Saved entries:
········
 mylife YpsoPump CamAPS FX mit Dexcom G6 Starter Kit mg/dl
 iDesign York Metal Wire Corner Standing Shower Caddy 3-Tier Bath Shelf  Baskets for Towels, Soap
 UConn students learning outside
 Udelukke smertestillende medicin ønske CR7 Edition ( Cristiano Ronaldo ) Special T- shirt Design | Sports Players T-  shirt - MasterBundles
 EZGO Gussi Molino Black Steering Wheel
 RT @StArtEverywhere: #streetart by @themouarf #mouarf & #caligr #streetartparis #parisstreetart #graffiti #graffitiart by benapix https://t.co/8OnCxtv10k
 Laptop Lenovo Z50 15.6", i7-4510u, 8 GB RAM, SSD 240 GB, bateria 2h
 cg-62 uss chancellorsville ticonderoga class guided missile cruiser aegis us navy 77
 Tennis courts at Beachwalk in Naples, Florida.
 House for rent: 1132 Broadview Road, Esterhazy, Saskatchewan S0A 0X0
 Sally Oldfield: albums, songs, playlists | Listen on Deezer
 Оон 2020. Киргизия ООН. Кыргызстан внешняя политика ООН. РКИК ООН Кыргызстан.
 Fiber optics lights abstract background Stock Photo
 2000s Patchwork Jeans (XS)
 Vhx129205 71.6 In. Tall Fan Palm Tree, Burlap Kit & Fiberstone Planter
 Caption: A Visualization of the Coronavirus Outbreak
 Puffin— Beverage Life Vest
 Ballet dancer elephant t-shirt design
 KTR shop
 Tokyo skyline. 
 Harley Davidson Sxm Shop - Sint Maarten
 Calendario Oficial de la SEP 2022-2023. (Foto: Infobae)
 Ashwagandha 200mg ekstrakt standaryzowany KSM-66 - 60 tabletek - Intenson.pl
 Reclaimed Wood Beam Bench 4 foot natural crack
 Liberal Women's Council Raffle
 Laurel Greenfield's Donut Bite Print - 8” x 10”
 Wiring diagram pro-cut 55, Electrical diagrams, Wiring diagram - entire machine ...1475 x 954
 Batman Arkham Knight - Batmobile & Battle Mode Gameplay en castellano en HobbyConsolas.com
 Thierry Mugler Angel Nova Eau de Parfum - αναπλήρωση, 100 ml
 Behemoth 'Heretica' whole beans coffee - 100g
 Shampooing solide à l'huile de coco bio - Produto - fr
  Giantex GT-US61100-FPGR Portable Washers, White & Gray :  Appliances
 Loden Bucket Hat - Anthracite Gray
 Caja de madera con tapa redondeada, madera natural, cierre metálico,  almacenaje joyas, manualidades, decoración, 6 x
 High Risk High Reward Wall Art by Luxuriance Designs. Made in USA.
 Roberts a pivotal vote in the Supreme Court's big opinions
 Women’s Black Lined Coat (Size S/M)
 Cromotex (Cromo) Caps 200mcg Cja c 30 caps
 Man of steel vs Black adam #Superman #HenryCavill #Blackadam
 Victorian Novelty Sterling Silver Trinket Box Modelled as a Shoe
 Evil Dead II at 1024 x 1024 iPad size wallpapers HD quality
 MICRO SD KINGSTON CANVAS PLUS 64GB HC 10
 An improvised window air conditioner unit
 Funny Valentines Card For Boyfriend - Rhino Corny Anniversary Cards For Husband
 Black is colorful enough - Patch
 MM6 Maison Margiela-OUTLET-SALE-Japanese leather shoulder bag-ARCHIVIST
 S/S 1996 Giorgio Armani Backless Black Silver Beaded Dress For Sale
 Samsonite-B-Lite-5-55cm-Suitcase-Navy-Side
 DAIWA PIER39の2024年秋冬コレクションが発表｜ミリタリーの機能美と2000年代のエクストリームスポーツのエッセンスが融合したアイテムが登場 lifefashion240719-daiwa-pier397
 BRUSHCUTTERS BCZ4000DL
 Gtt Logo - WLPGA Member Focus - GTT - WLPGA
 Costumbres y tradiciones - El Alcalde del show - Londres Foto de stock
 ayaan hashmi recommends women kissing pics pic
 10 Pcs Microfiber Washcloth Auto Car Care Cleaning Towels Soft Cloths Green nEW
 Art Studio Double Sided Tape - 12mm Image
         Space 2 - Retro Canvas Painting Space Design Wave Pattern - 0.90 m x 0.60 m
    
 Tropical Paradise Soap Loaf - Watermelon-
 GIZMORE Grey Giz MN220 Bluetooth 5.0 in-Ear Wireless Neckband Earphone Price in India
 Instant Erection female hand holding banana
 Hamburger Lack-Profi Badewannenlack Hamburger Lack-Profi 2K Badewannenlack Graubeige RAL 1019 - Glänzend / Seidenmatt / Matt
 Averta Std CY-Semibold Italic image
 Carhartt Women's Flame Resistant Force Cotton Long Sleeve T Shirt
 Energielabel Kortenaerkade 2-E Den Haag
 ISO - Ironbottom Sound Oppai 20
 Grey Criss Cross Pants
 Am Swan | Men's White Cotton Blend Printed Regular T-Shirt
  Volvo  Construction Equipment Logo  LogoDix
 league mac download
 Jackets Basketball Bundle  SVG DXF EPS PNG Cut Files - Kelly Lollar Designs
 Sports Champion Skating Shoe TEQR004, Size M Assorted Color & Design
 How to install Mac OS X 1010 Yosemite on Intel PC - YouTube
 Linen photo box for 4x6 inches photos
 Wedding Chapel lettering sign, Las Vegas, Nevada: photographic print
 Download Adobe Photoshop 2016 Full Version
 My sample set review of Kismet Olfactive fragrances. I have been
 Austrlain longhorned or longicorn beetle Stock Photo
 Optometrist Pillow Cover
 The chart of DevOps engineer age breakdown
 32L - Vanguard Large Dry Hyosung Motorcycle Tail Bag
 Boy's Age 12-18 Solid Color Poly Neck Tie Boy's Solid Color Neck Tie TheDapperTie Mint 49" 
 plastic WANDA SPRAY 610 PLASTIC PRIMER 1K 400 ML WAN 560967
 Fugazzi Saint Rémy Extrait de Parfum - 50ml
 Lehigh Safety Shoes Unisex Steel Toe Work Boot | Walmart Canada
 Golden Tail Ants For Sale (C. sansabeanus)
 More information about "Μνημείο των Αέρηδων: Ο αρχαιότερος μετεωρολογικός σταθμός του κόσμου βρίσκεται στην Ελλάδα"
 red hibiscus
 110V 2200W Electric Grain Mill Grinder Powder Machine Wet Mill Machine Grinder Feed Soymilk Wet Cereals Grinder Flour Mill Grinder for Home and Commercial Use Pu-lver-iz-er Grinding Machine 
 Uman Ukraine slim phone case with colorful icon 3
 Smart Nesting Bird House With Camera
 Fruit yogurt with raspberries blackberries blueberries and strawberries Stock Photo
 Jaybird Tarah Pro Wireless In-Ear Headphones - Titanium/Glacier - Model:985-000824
········
REQUIREMENT: Only lines that contain "natural" are needed, so copy each of them from the data.

ANSWER SPACE:
 Reclaimed Wood Beam Bench 4 foot natural crack
 Caja de madera con tapa redondeada, madera natural, cierre metálico,  almacenaje joyas, manualidades, decoración, 6 x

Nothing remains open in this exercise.